The thing I began to notice was that there were  isolation signs on several doors up and down the hall.  A new patient would come and a couple of weeks or a month later, a sign would be on his door as well.

I believe that MRSA is embedded on that floor. I know the staff took precautions. I saw them. I don’t think the cleaning staff did as good a job as they could have. That is just my opinion. All I know for sure is that Ronnie did not have MRSA when he arrived on that floor, and a few months later he did.


Ronnie’s VA Care: the Good

There is no shortage of news reports about the care our veterans receive when they are patients in VA facilities. Most of the media coverage is negative and well deserved. Ronnie’s stay at our local VA hospital had its share of negative aspects, and I plan to devote a post to that topic.

However, for this post I want to write about some of the positive aspects of Ronnie’s care, most of which are centered around the people who were part of his daily world for the almost eight months of his care.

People are not perfect, and what I found at the VA was not even close to perfection, but most of the doctors, nurses, and aides were caring and competent.
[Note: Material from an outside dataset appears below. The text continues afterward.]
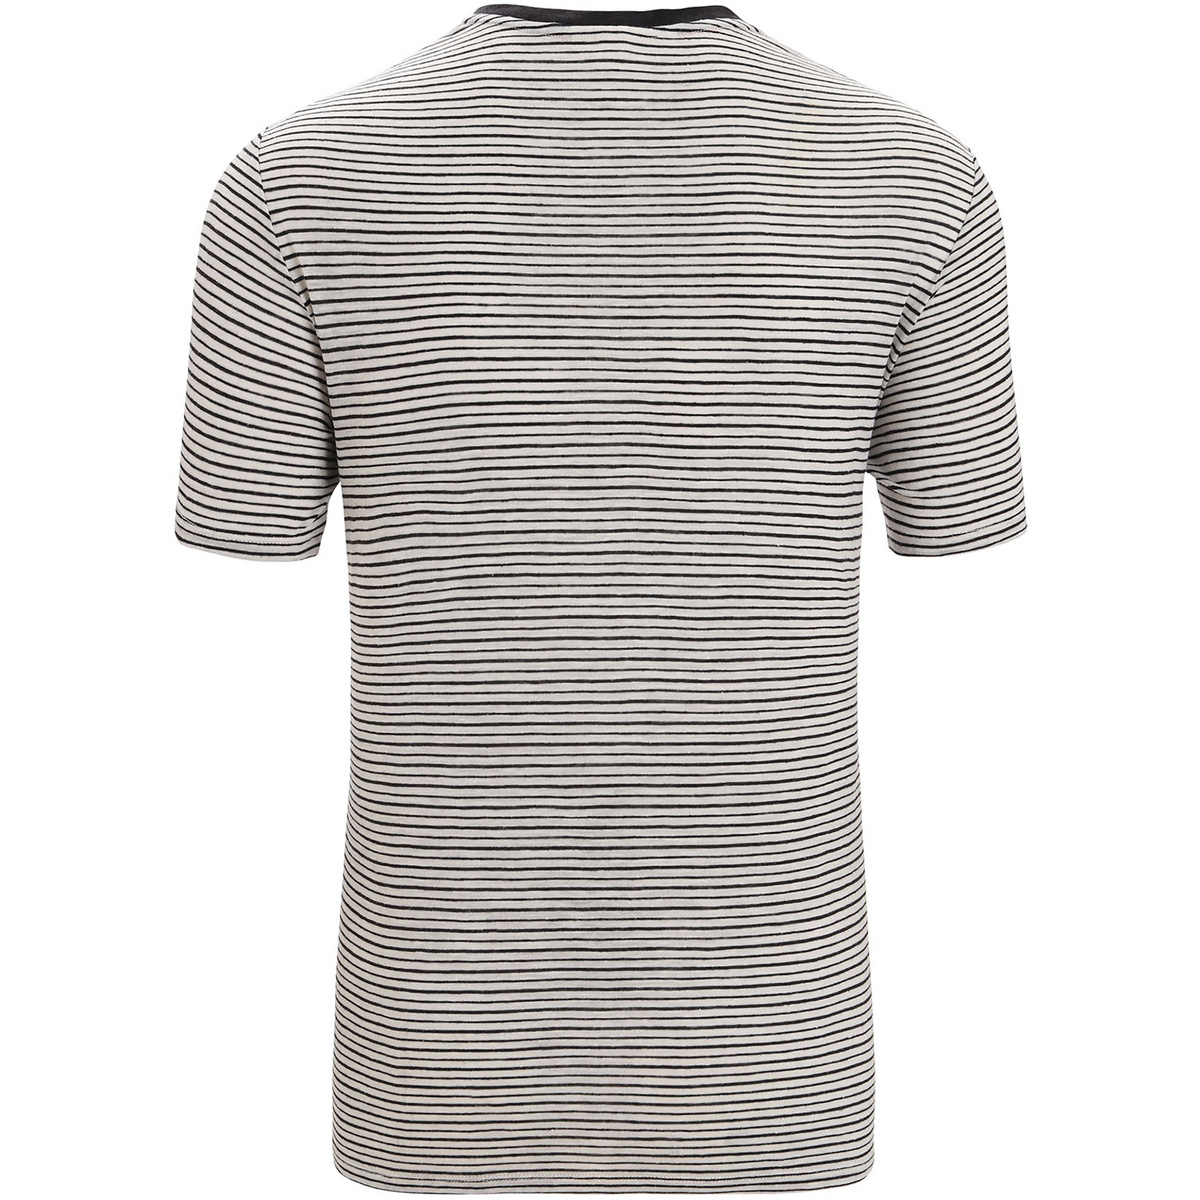 Icebreaker Herren Merino Linen Stripe T-Shirt von Icebreaker

They made sure that Ronnie was as emotionally and physically comfortable as possible.

The doctors were attentive to his needs and my unending questions. They kept up with his changing medical needs and quickly adapted his medication to meet those needs. Because I wanted to be closely involved in Ronnie’s care, I researched every decision the doctors made, and almost every medication they prescribed. I’m sure I drove them nuts, but they never made me feel that way. Instead they treated me as an essential part of Ronnie’s treatment team.

To be continued.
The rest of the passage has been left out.